Your goal | With the images removed, write out every line below exactly.

Dataset section |
------------------------------------

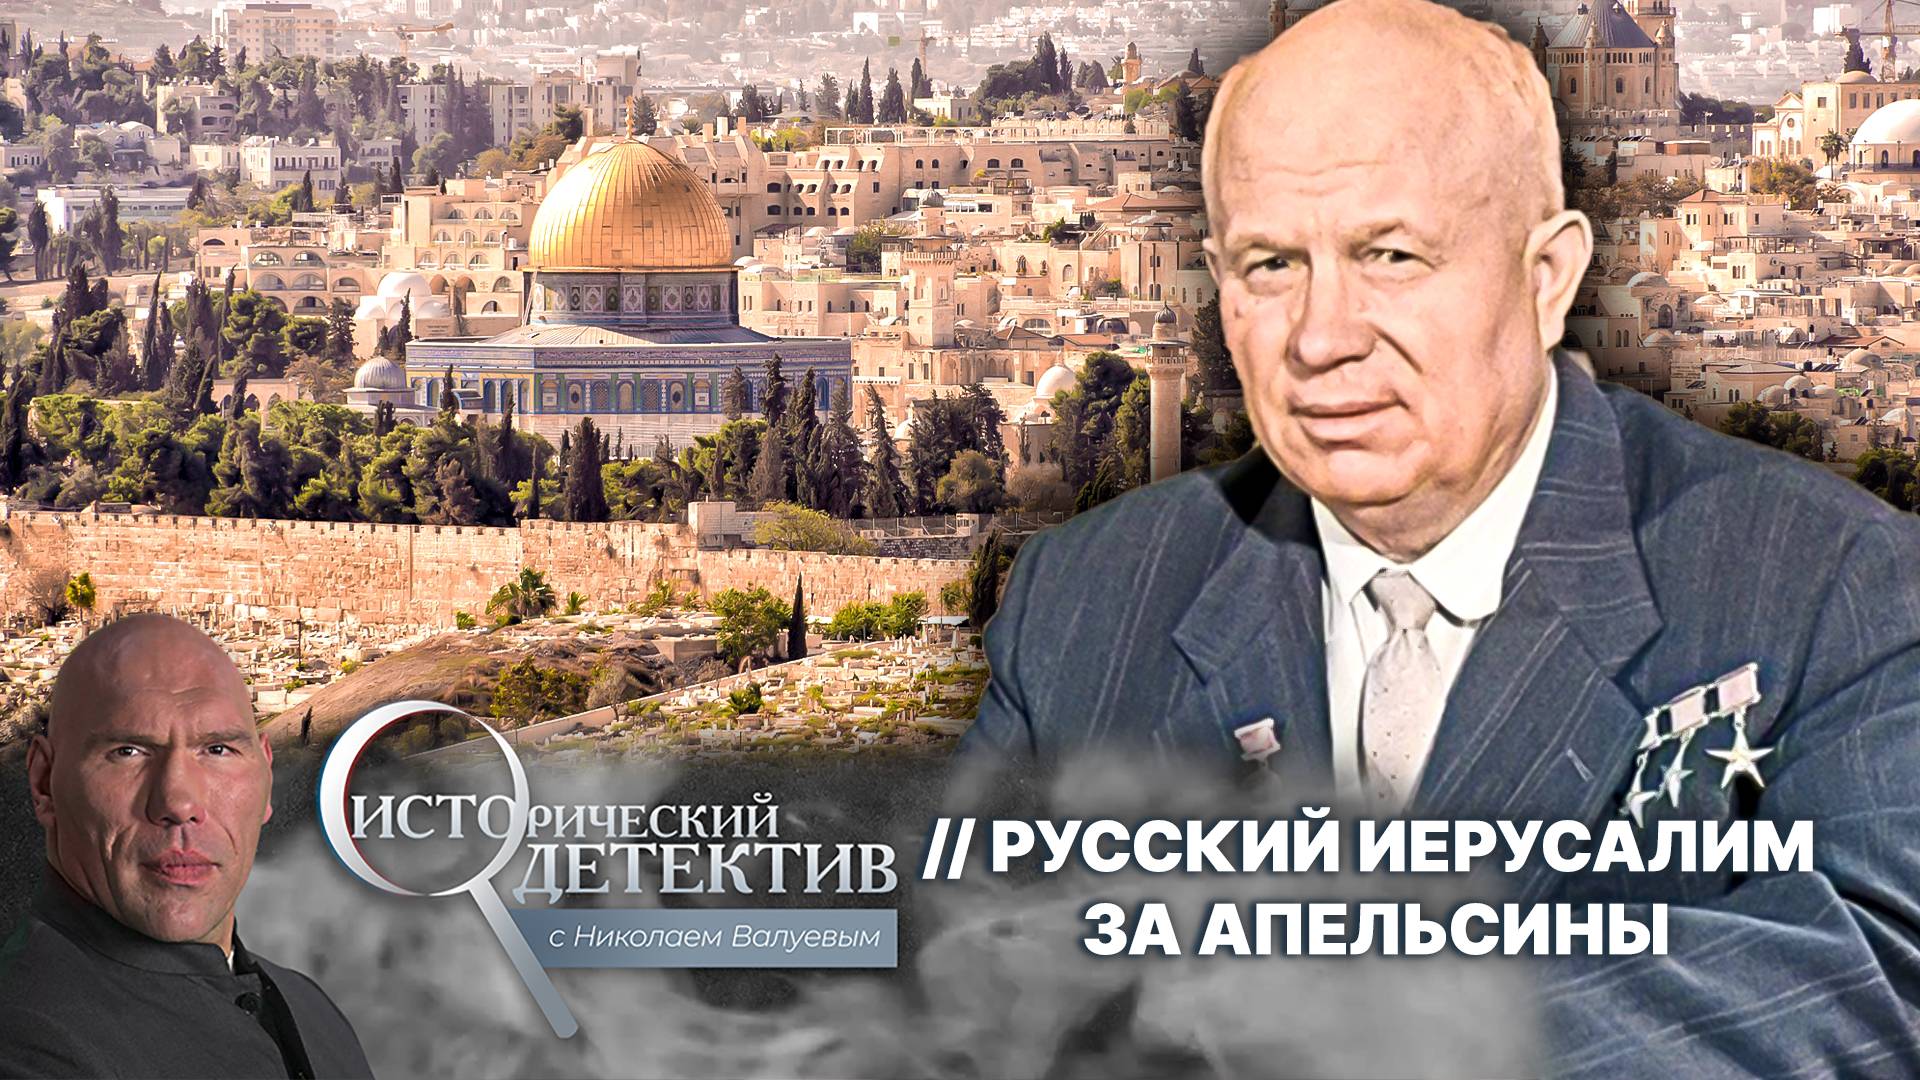 Зачем Хрущев продал за апельсины русскую землю в центре Иерусалима?
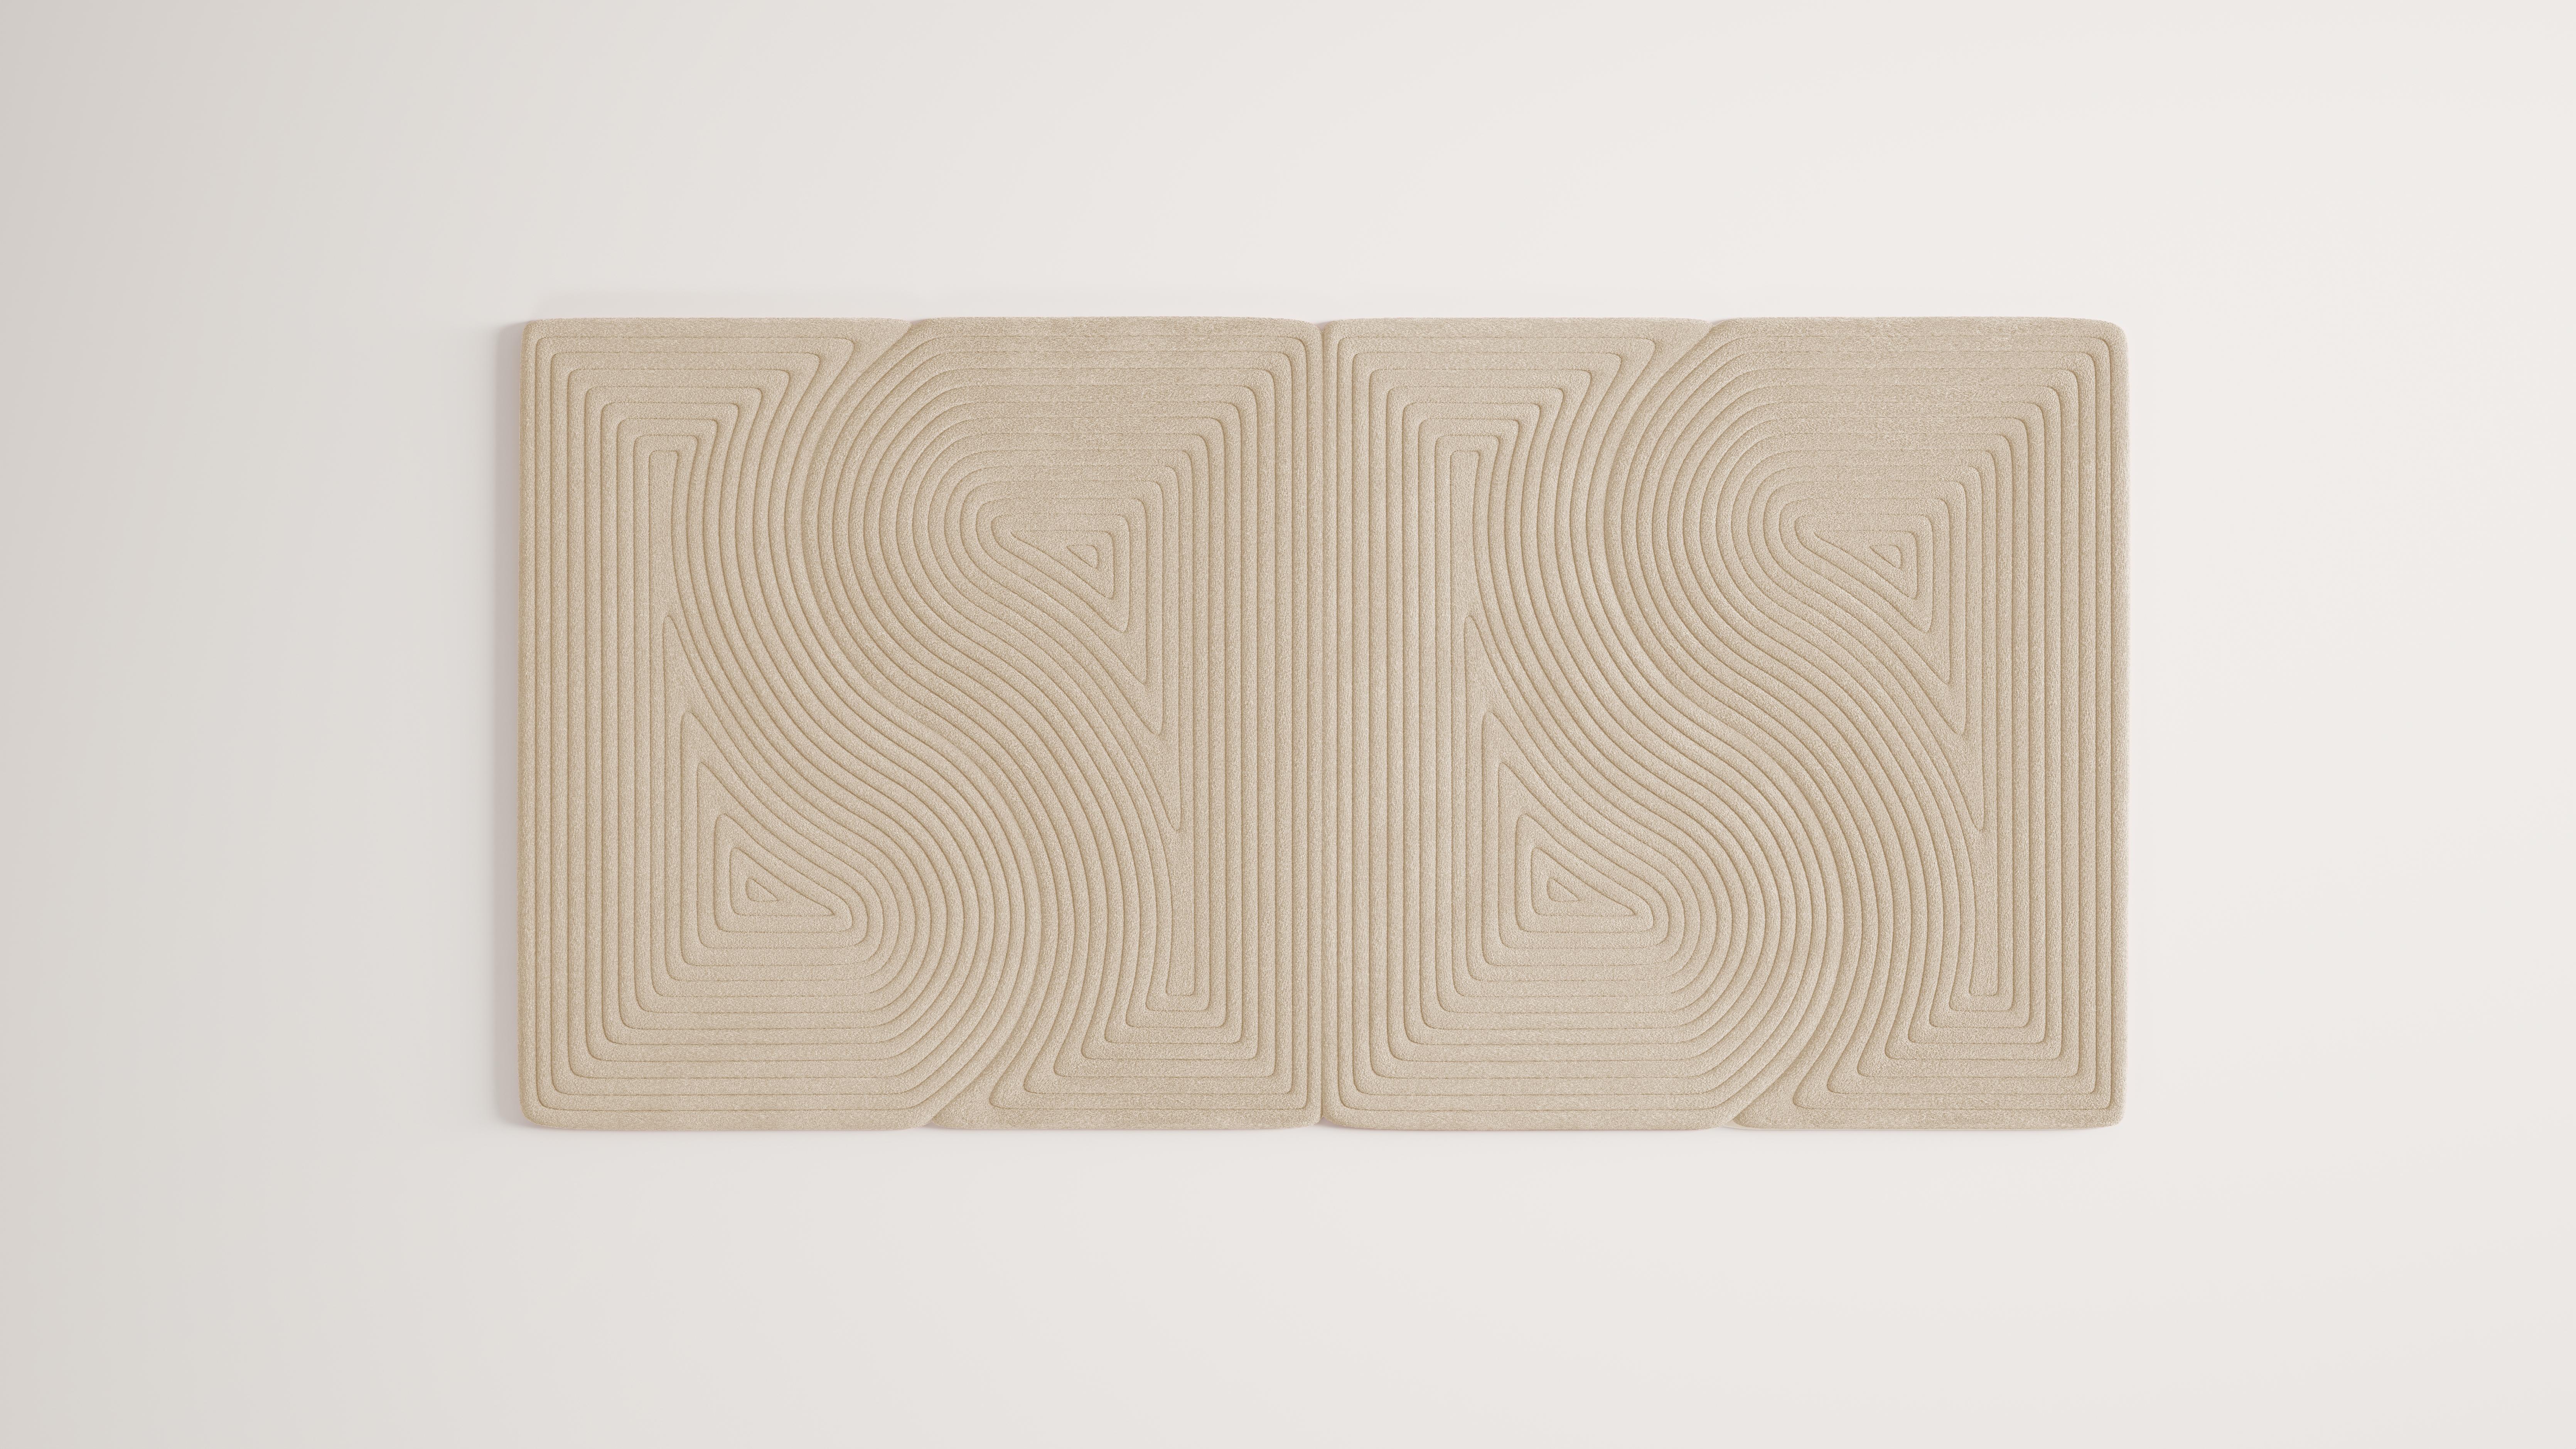 Niwa ist eine Kollektion von minimalistischen und organischen Modulteppichen. Jedes Modul kann auf endlose Weise mit anderen kombiniert werden, um anpassbare Konfigurationen zu erstellen. 

Diese Collection ist eine Darstellung des Sandelements in
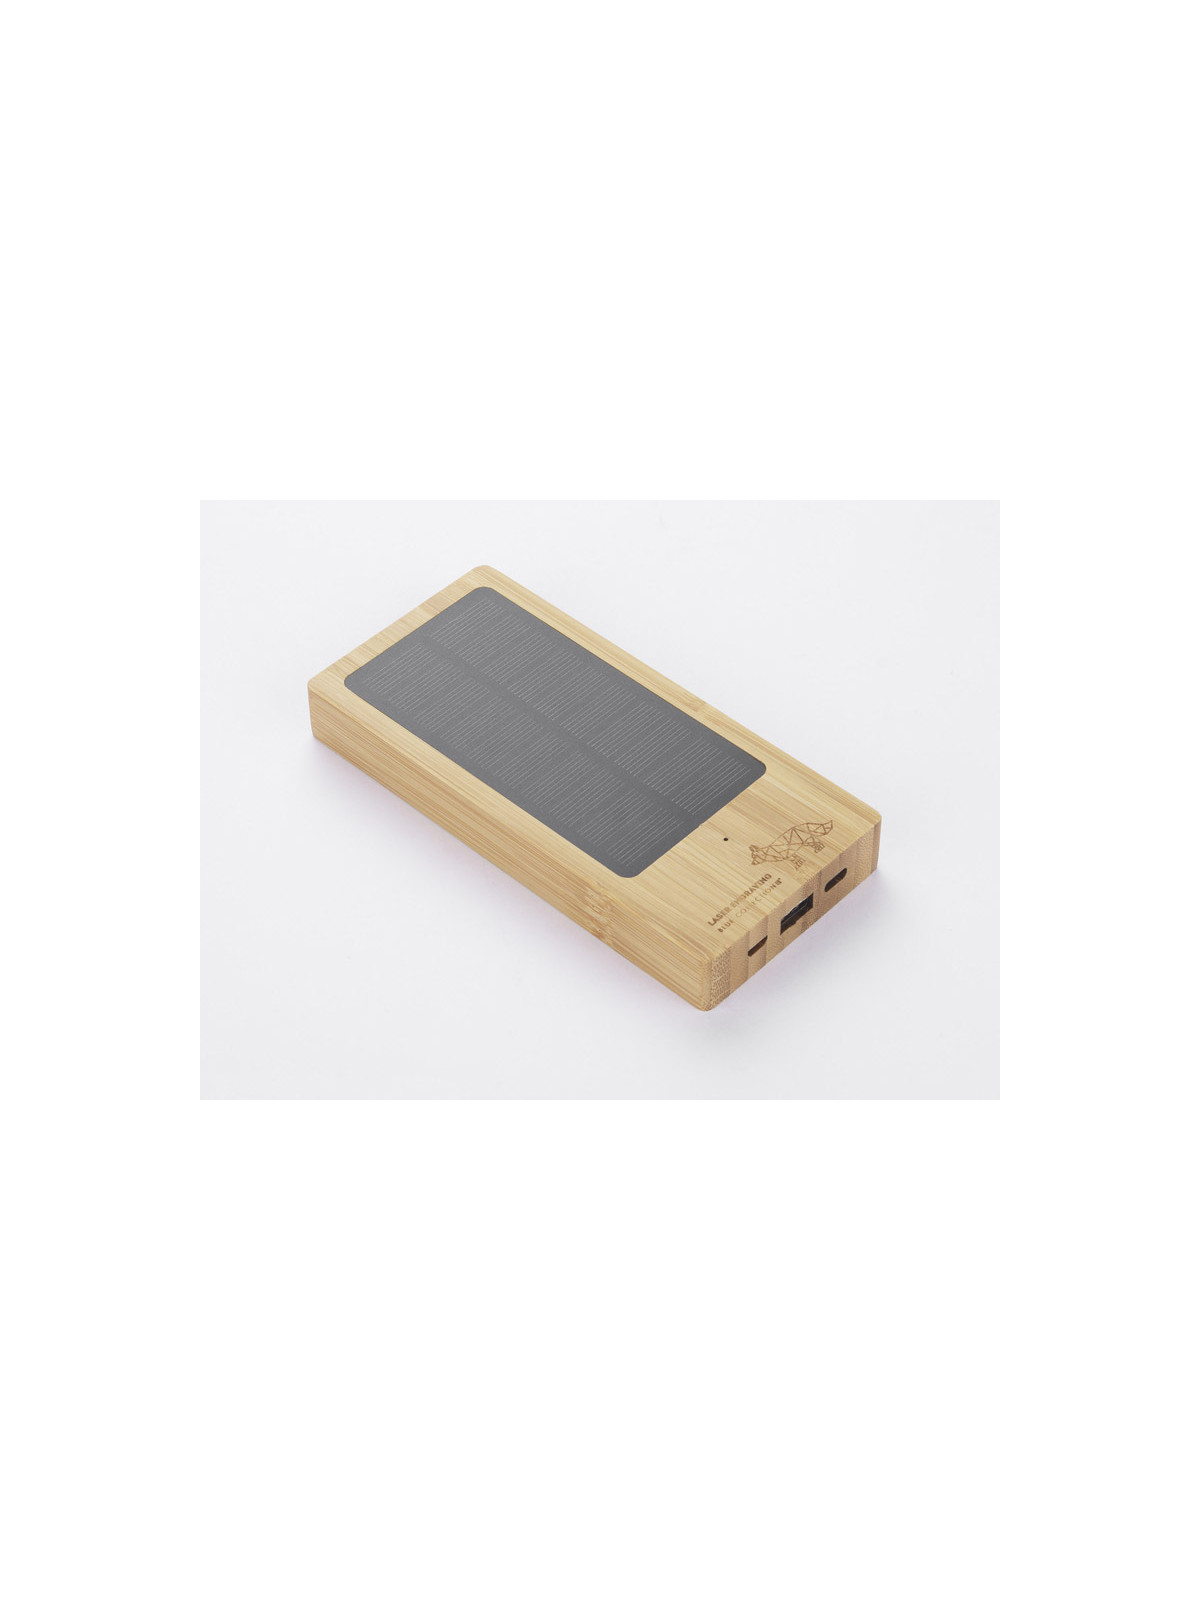 Batterie externe solaire en bambou écologique personnalisable, recharge un téléphone grâce à la lumière du soleil

------------------------------------

Solution to this problem |
 Зачем Хрущев продал за апельсины русскую землю в центре Иерусалима?
 Niwa ist eine Kollektion von minimalistischen und organischen Modulteppichen. Jedes Modul kann auf endlose Weise mit anderen kombiniert werden, um anpassbare Konfigurationen zu erstellen. 

Diese Collection ist eine Darstellung des Sandelements in
 Batterie externe solaire en bambou écologique personnalisable, recharge un téléphone grâce à la lumière du soleil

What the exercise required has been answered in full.